During the route-engine restart, on the facing router you can see the route is going to “stale” status. This means the route is kept in the forwarding table during the BGP restart on the firewalls.
{master:0}
root@ex1> show route 41.41.41.0 table inet.0 detail
inet.0: 13 destinations, 16 routes (13 active, 0 holddown, 0 hidden)
Restart Complete
41.41.41.0/24 (1 entry, 1 announced)
*BGP Preference: 170/-101
Next hop type: Indirect
Next-hop reference count: 3
Source: 100.100.100.6
Next hop type: Router, Next hop index: 1414
Next hop: 100.100.100.6 via vlan.100, selected
Protocol next hop: 100.100.100.6
Indirect next hop: 284f4b0 131073
State: <Active Int Ext>
Local AS: 65000 Peer AS: 65000
Age: 3:41 Metric2: 0
Task: BGP_65000.100.100.100.6
Announcement bits (3): 0-KRT 1-BGP RT Background 2-Resolve tree 1
AS path: I
Stale Accepted
Localpref: 100
Router ID: 41.41.41.1
You can also see on the neighbour details that graceful restart is enabled
{master:0}
root@ex1> show bgp neighbor 100.100.100.6
Peer: 100.100.100.6+57493 AS 65000 Local: 100.100.100.1+179 AS 65000
Type: Internal State: Established (route reflector client)Flags:
Last State: OpenConfirm Last Event: RecvKeepAlive
Last Error: None
Export: [ CON2BGP ]
Options:
Address families configured: inet-unicast inet6-unicast
Holdtime: 90 Preference: 170
Number of flaps: 3
Last flap event: Restart
Error: 'Cease' Sent: 0 Recv: 1
Peer ID: 41.41.41.1 Local ID: 1.1.1.1 Active Holdtime: 90
Keepalive Interval: 30 Peer index: 2
BFD: disabled, down
NLRI for restart configured on peer: inet-unicast inet6-unicast
NLRI advertised by peer: inet-unicast
NLRI for this session: inet-unicast
Peer supports Refresh capability (2)
Restart time configured on the peer: 120
Stale routes from peer are kept for: 300
Restart time requested by this peer: 120
Restart flag received from the peer: Restarting
NLRI that peer supports restart for: inet-unicast
NLRI peer can save forwarding state: inet-unicast
NLRI that peer saved forwarding for: inet-unicast
NLRI that restart is negotiated for: inet-unicast
NLRI of received end-of-rib markers: inet-unicast
NLRI of all end-of-rib markers sent: inet-unicast
Peer supports 4 byte AS extension (peer-as 65000)

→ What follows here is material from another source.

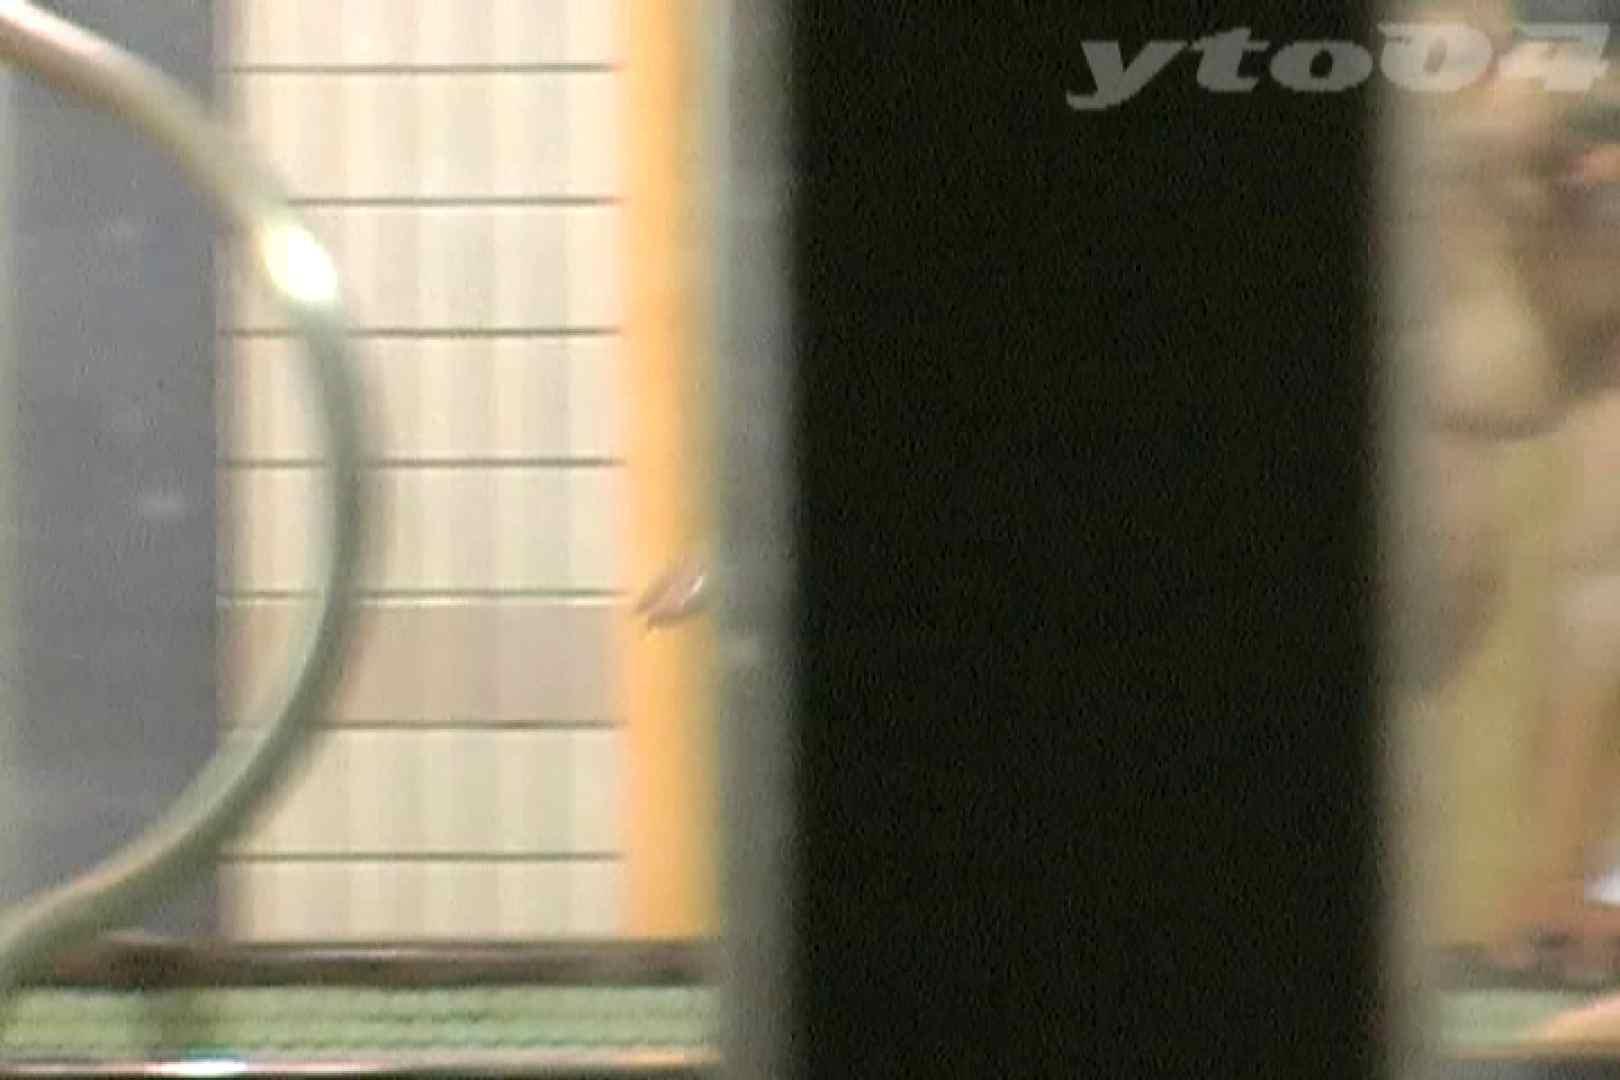 ▲復活限定▲合宿ホテル女風呂盗撮 Vol.26 盗撮エロすぎ   名作  85連発 37

Peer does not support Addpath
Table inet.0 Bit: 10000
RIB State: BGP restart is complete
Send state: in sync
Active prefixes: 1
Received prefixes: 1
Accepted prefixes: 1
Suppressed due to damping: 0
Advertised prefixes: 5
Last traffic (seconds): Received 1 Sent 8 Checked 14
Input messages: Total 11 Updates 2 Refreshes 0 Octets 286
Output messages: Total 14 Updates 5 Refreshes 0 Octets 534
Output Queue[0]: 0
As you can see, enabling graceful-restart is very easy to configure and can reduce dramatically the downtime in your network… So do not hesitate to activate it!